How to Block AI Bots in Javalin

Javalin is a lightweight JVM web framework for Kotlin and Java, popular for REST APIs, microservices, and developer tooling. It runs on embedded Jetty with a minimal configuration surface. Javalin provides app.before() handlers that run before every matched route — the idiomatic way to block AI crawlers. The Javalin-specific detail: short-circuiting in a before-handler means throwing an exception, typically ForbiddenResponse(), which Javalin catches, renders as a 403, and uses to stop all remaining before-handlers and the route handler for that request.

1. Bot pattern helper

Define patterns in a Kotlin object so they are shared by the before-handler and any tests. Apply ua.lowercase() once before calling contains() — literal substring search, no regex engine.

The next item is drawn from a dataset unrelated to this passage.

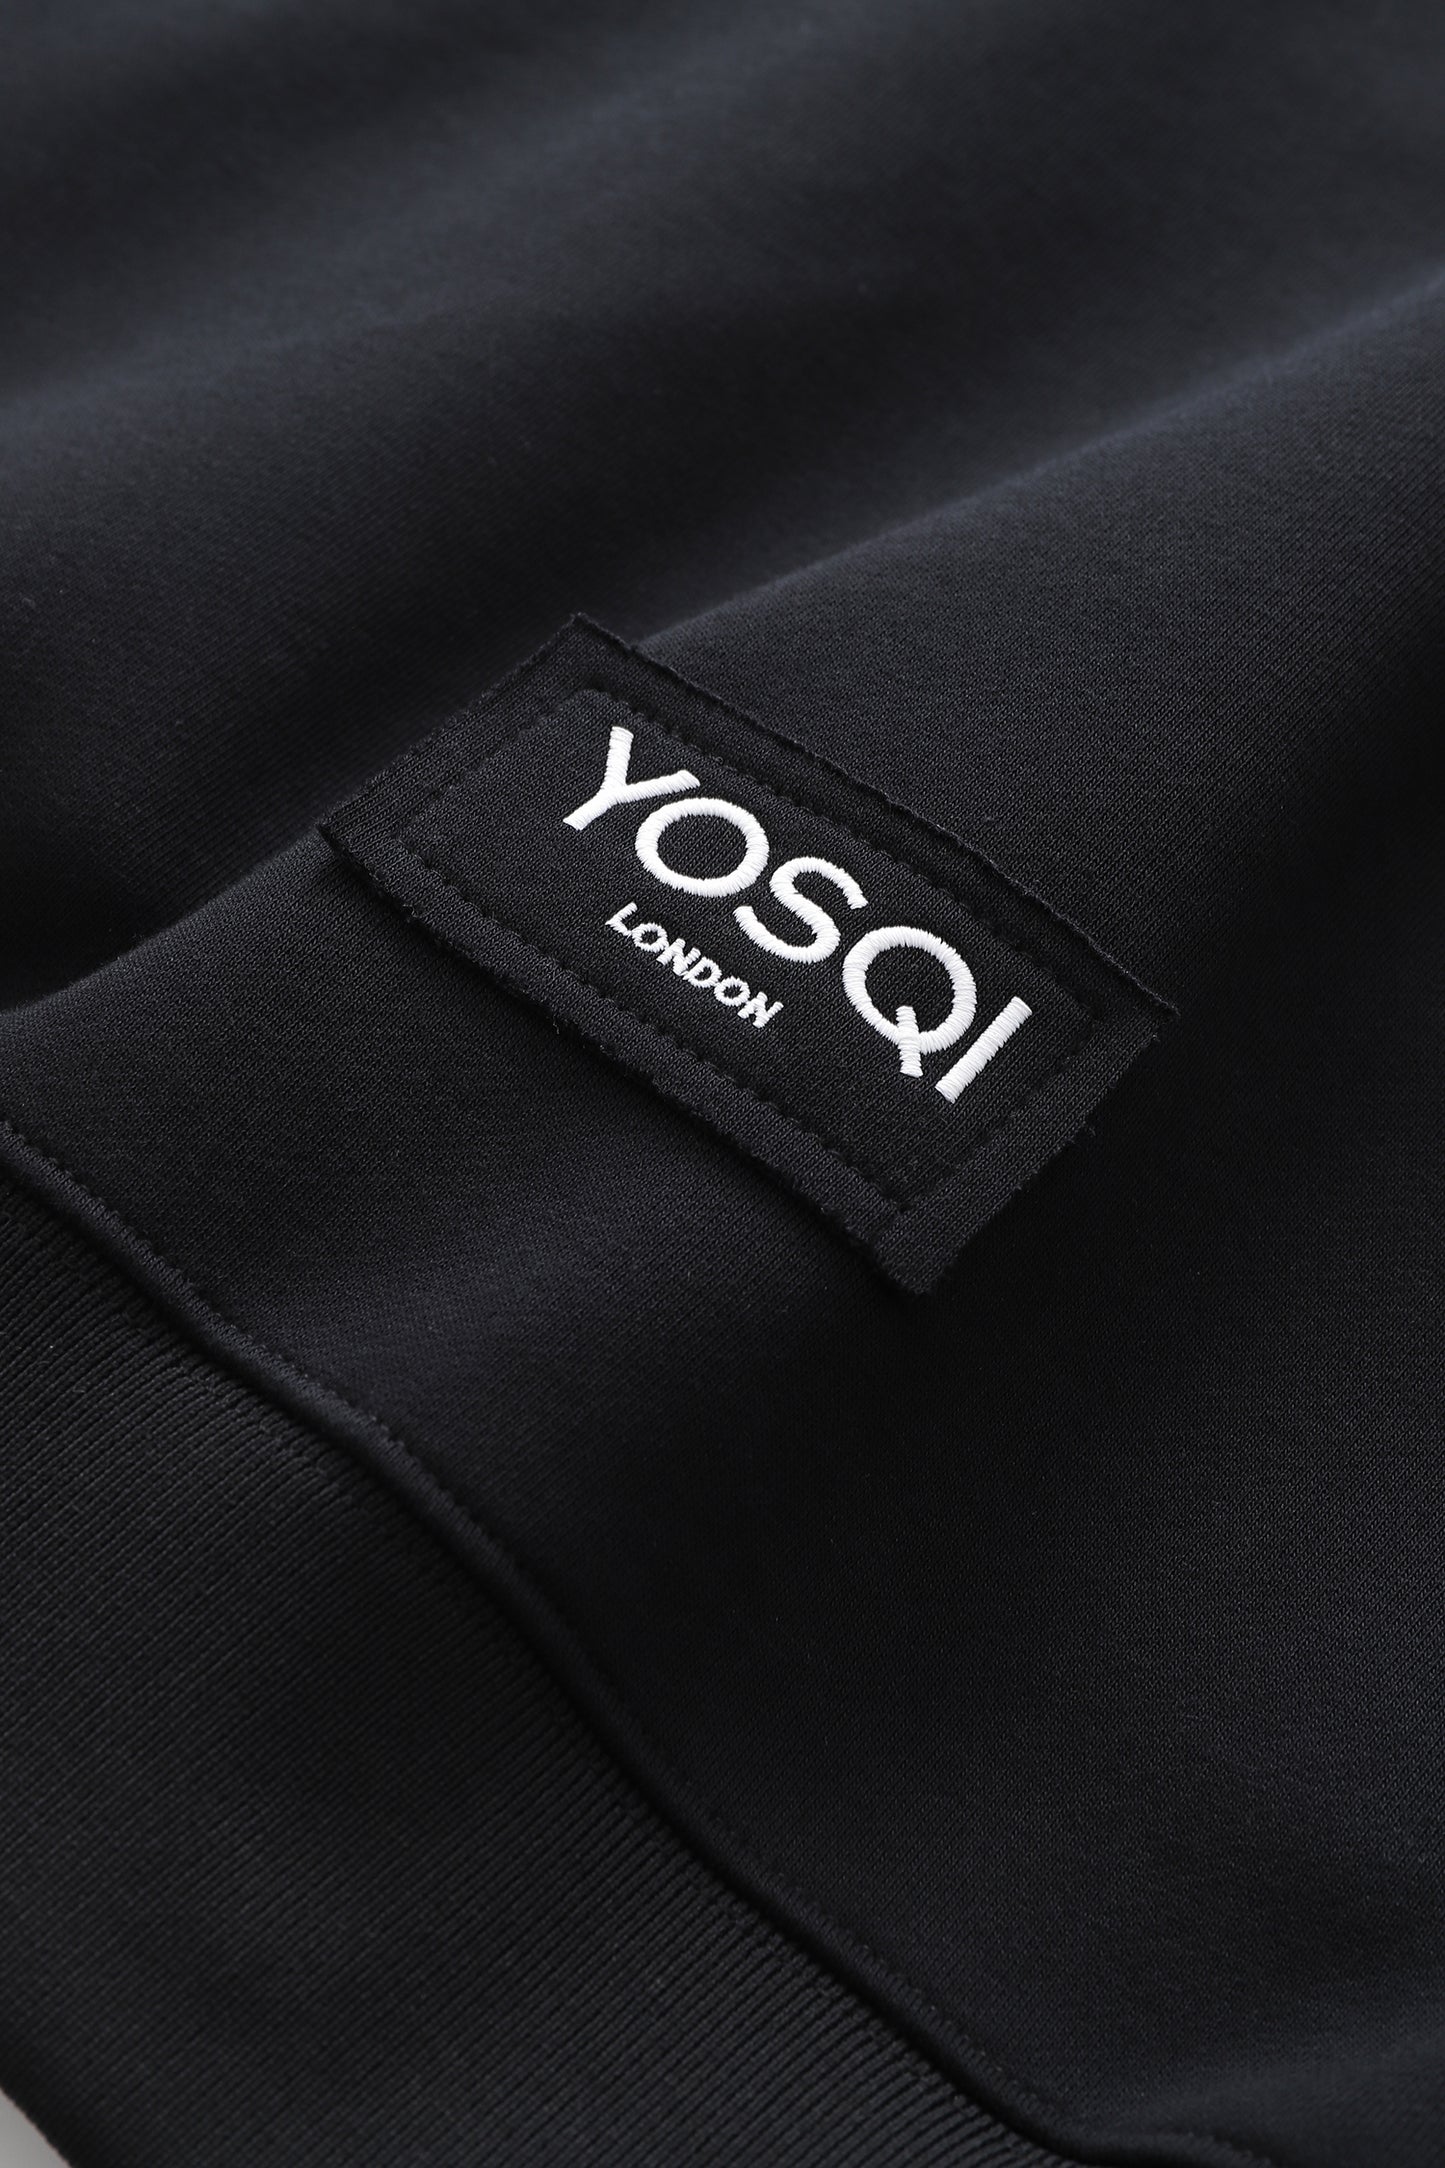 YOSQI Logo Patch Oversized Hoodie-Black

// src/main/kotlin/com/example/AiBotFilter.kt
package com.example

object AiBotFilter {

    // Pattern list — all lowercase, matched against lowercased UA
    private val AI_BOT_PATTERNS = listOf(
        "gptbot",
        "chatgpt-user",
        "claudebot",
        "anthropic-ai",
        "ccbot",
        "google-extended",
        "cohere-ai",
        "meta-externalagent",
        "bytespider",
        "omgili",
        "diffbot",
        "imagesiftbot",
        "magpie-crawler",
        "amazonbot",
        "dataprovider",
        "netcraft"
    )

    // contains() — literal substring, no regex overhead
    fun isAiBot(ua: String): Boolean {
        if (ua.isBlank()) return false
        val lower = ua.lowercase()
        return AI_BOT_PATTERNS.any { lower.contains(it) }
    }
}

2. app.before() — global blocker

Register a global before-handler and an after-handler. ForbiddenResponse is a subclass of HttpResponseException — throwing it stops all further processing. The after handler adds X-Robots-Tag to every passing response. Blocked requests get the header set directly on ctx before throwing.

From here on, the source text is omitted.